Performance regression 1.77.0 -> 1.78.0?

I noticed that by switching from rustc 1.77.0 to 1.78.0, some code I have apparently runs significantly slower (full optimised build) than before.

The code is in git@github.com:tallinn1960/rain_collected.git. It has a criterion benchmark, which shows that the function compute_rain_collected runs significantly slower when compiled by 1.78.0, a 176% regression.

compute_rain_collected_trap/compute_rain_collected
                        time:   [23.291 ms 23.338 ms 23.386 ms]
                        change: [+175.17% +176.07% +176.89%] (p = 0.00 < 0.05)
                        Performance has regressed.

Is this a criterion flaw or is it a compiler regression? All other tested functions in that benchmark perform the same with both compiler versions though.

This is on a Mac mini M1.

2 Likes

Try cargo-show-asm to see if the generated code has changed. Maybe that will have a clue why.

1 Like

What target triple are you using?

x86 Compiler Explorer
aarch64 Compiler Explorer

For aarch64, the 1.78 version has fewer branches which should be beneficial but might be worse if the branch predictor does a good job for the use case.

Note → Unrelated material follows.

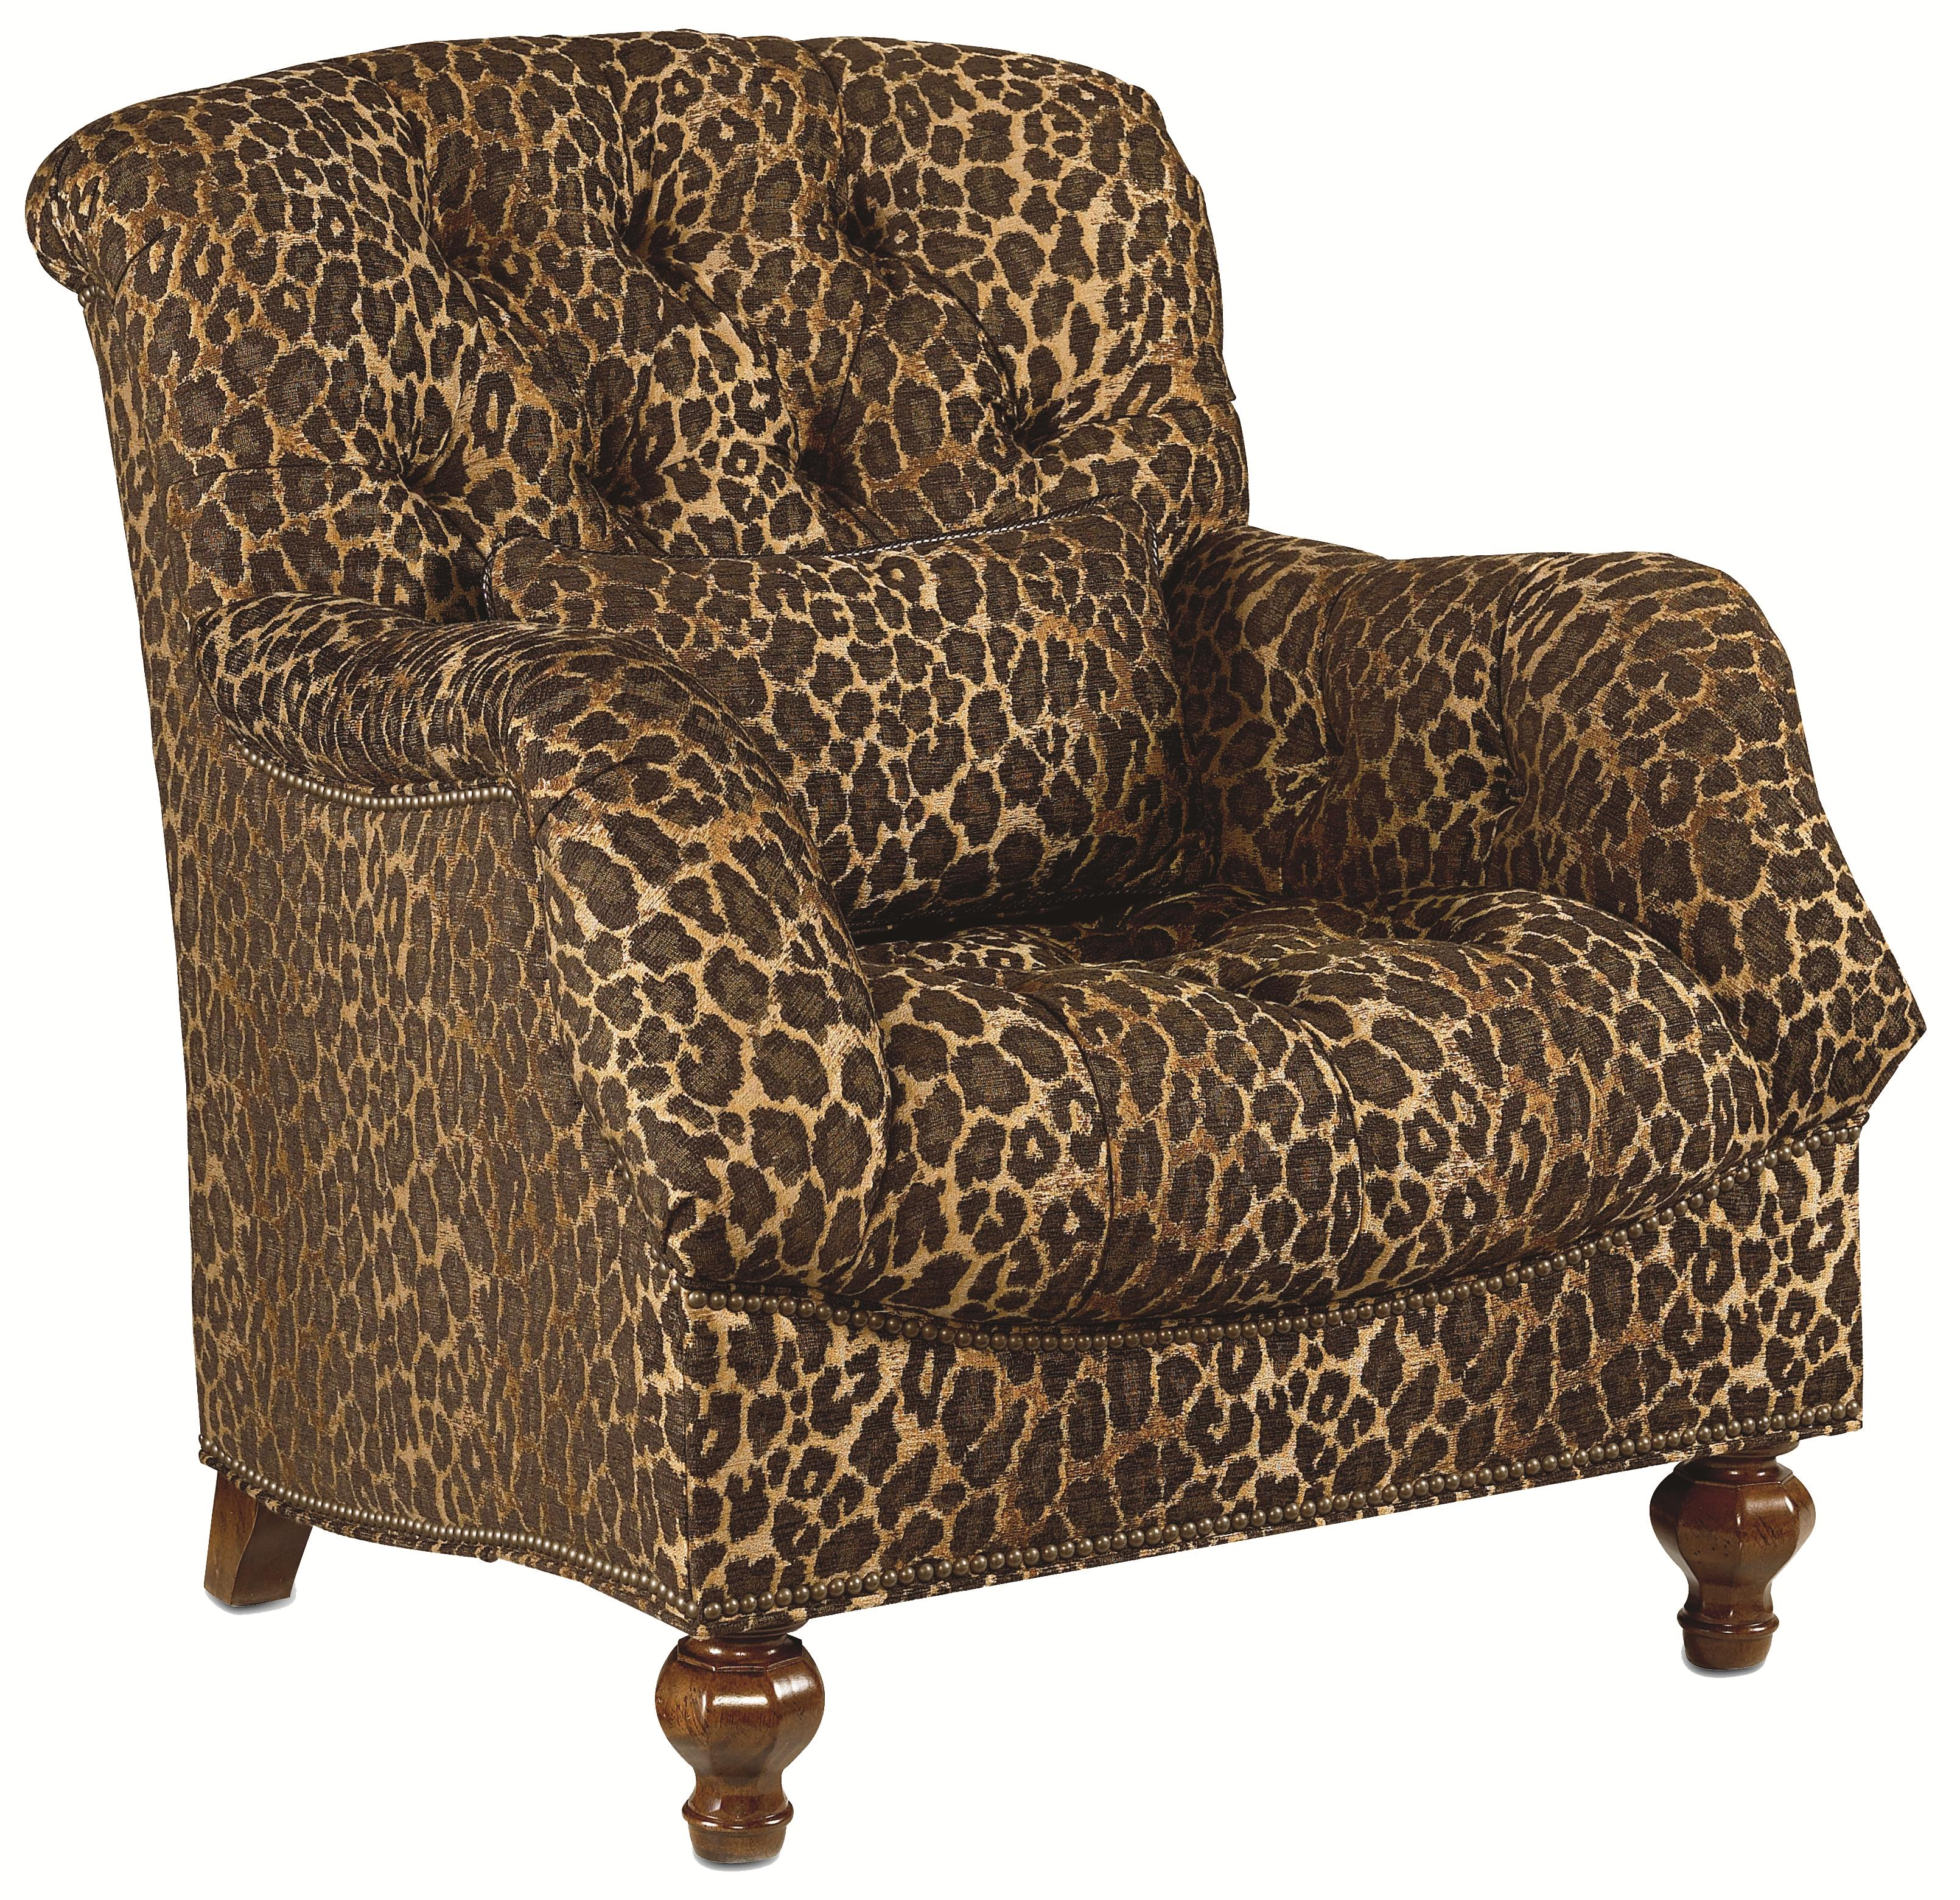 Thomasville® Ernest Hemingway 462 Deep Tufted Walden Chair With Nail Head  Trim   Sprintz Furniture   Upholstered Chair Nashville, Franklin, ...

One thing you might do to make LLVM's life easier:

Rather than iterating over &i64,

instead do

let mut height = height.iter().copied();

(And correspondingly change |acc, &x| to |acc, x|.)

LLVM is much happier thinking about simple no-provenance no-races values like i64 rather than pointers. So I'd be curious if that changes things.

1 Like

I tried this on x86_64-pc-windows-msvc and the same regression occurs. Nightly (2024-05-27) is just as bad, and 1.79 beta is in the middle.

1.77    443.545µs
1.78    872.203µs
beta    657.485µs
nightly 876.462µs

The order changes a lot depending on how many iterations occur.

This made 1.77, 1.78, and nightly about the same as previous beta, and beta now takes the same as previous nightly/1.78. In my experience copied sucks, but I'm always hopeful it'll be fixed someday.

I'm gonna turn this into a procedural loop next and see how that goes.

Edit: while loop is worse, but when the iterator is copied it's fast in everything except nightly!

pub fn compute_rain_collected(height: &[i64]) -> u64 {
    let mut height = height.iter().copied();

    let mut state = (height.next(), height.next_back());
    let mut acc = (i64::MIN, 0u64);
    while let (Some(left), Some(right)) = state {
        let x = if left <= right {
            state = (height.next(), Some(right));
            left
        } else {
            state = (Some(left), height.next_back());
            right
        };

        let stepsize = x.max(acc.0);
        acc = (stepsize, acc.1 + (stepsize - x) as u64);
    }
    acc.1
}

Well, the code has changed, but I do not understand enough of arm64 code to understand why it got worse:

The default target triple for Rust on M1 is aarch64-apple-darwin.

I mark this as a solution, as it restores the original speed of the solution on my machine.

Seems like 1.77.0 did that optimisation on its own, and 1.78.0 doesn't any longer? I wish I understood more of arm64 code.

Thanks for those responses.

1 Like

There's some interesting pointer provenance questions about slice iterators that are coming up now that LLVM is starting to try to actually fix a bunch of long-time bugs around it.

You might be interested in this zulip thread about a change in LLVM19 (https://rust-lang.zulipchat.com/#narrow/stream/187780-t-compiler.2Fwg-llvm/topic/pointer.20equality.20propagation/near/441362175) or this speculative PR about giving them only a single provenance (Make slice iterators carry only a single provenance by scottmcm · Pull Request #122971 · rust-lang/rust · GitHub).

1 Like

This topic was automatically closed 90 days after the last reply. We invite you to open a new topic if you have further questions or comments.